What’s more: $165 billion in unspent stimulus funds. Other “mandatory” programs such as unemployment and food stamps. Interest on debt that will triple over the next three years. Obama goes on hunger strike, except for meals.

Freezing it was expected to save $250 billion over the next decade. However, during this period, the federal government was expected to run a $9 trillion deficit. The savings would preserve 97 percent of the red ink.

Still, it’s strange to hear complaints of overspending from the people who brought us the bloated budgets of the Bush years. During his term, federal spending did not decline under the relentless attack of fierce conservatives.

In fact, during the Bush administration, total federal spending, adjusted for inflation, increased by 72 percent. What was originally a budget surplus became a deficit, reaching $1.8 trillion in 2009, Bush’s last fiscal year (to which Obama contributed only a miniature amount).

Conservatives can justify this record as the mandatory price of the war on terror. But even if you exclude defense and interest on the debt, reports Chris Edwards of the libertarian Cato Institute in Washington, Bush’s White House was the biggest domestic spender since Richard Nixon.

He only vetoed the bill after he had been in office for more than six years because it was too pricey. Bill Clinton may feel your pain, but his successor made him look like Ebenezer Scrooge.

Boehner, not wanting to get in the way of the delivered locomotive, poured coal into the boiler. To him, calling someone a spendthrift is like Tiger Woods calling someone a slut.

Obama’s plan for this part of the budget is woefully modest. However, it is definitely better to reduce them than to raise them, which was the case in the recent past. Since 2001, spending under the proposed cap has increased from $310 billion to $447 billion.

Republicans are mocking Obama for trying to freeze spending they helped raise. They should show remorse on the grounds that if $310 billion was enough for Clinton, it should be enough for Obama.

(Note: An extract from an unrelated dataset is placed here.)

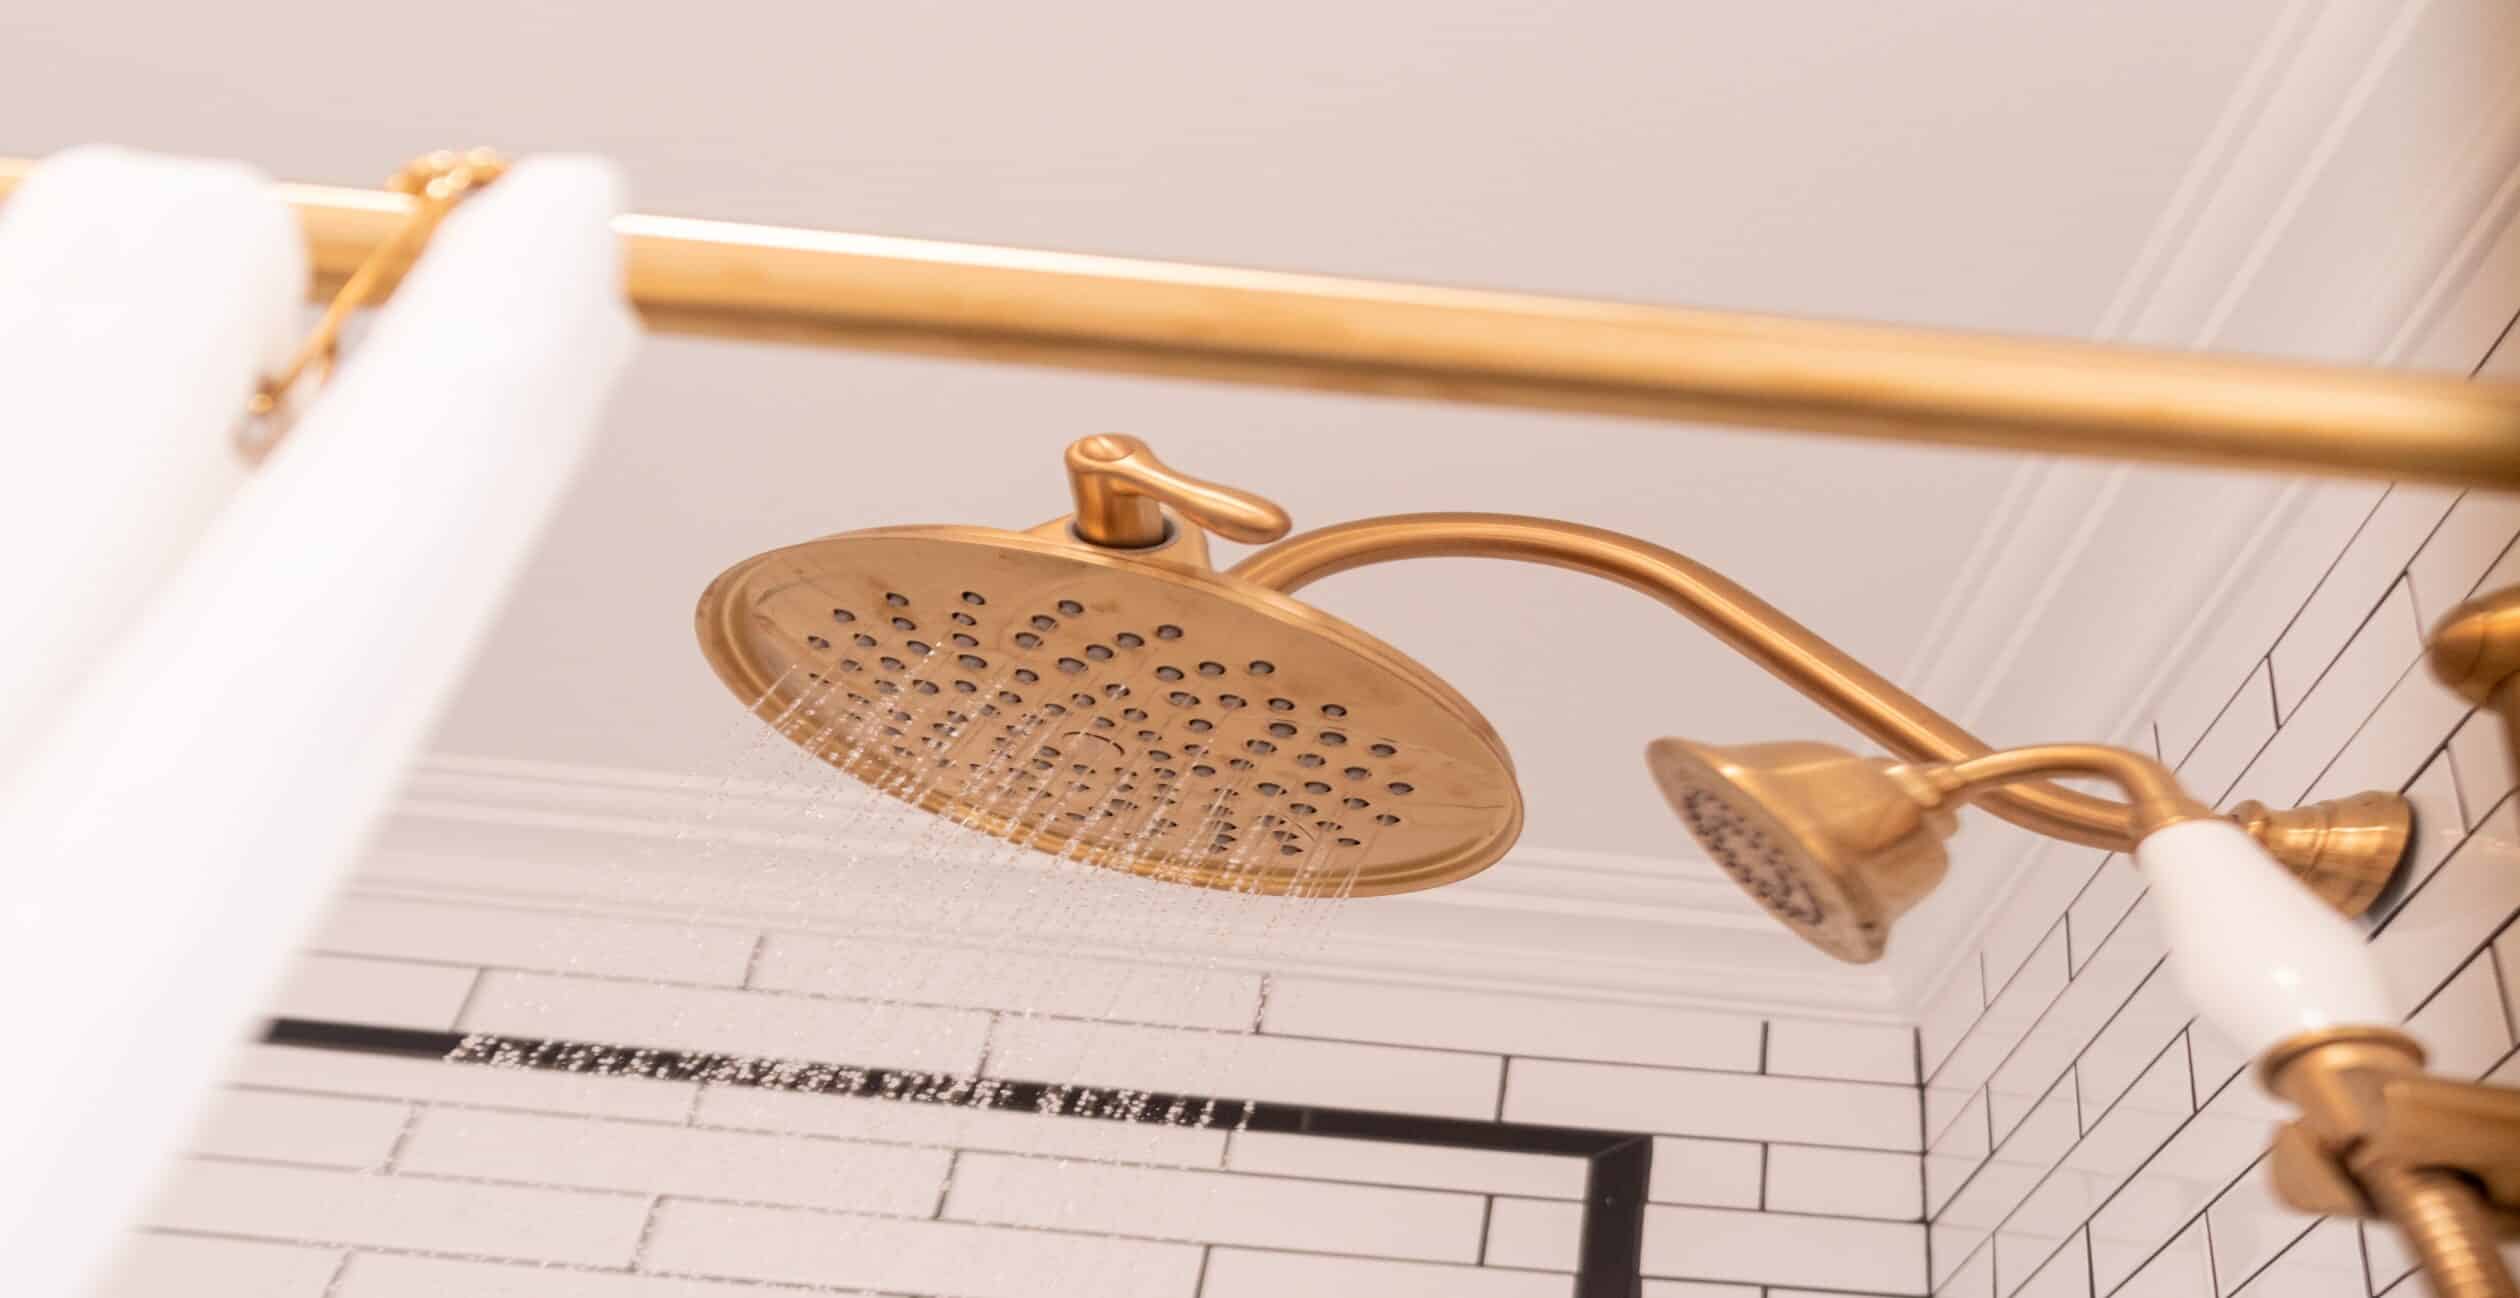 Gold shower fixtures with white subway tiles

If the GOP really wants to highlight the administration’s budget surpluses, the appropriate response is not just to ridicule how little it offers in the way of savings, but to offer bigger and better savings of its own. Otherwise, it may turn out that the public’s disgust with uncontrolled spending may affect both incumbent Republicans and Democrats.

There is great precedent for this approach. After Republicans took control of Congress in 1995, they demanded a plan to balance the budget within seven years. President Clinton did not like this, but he was forced to cooperate.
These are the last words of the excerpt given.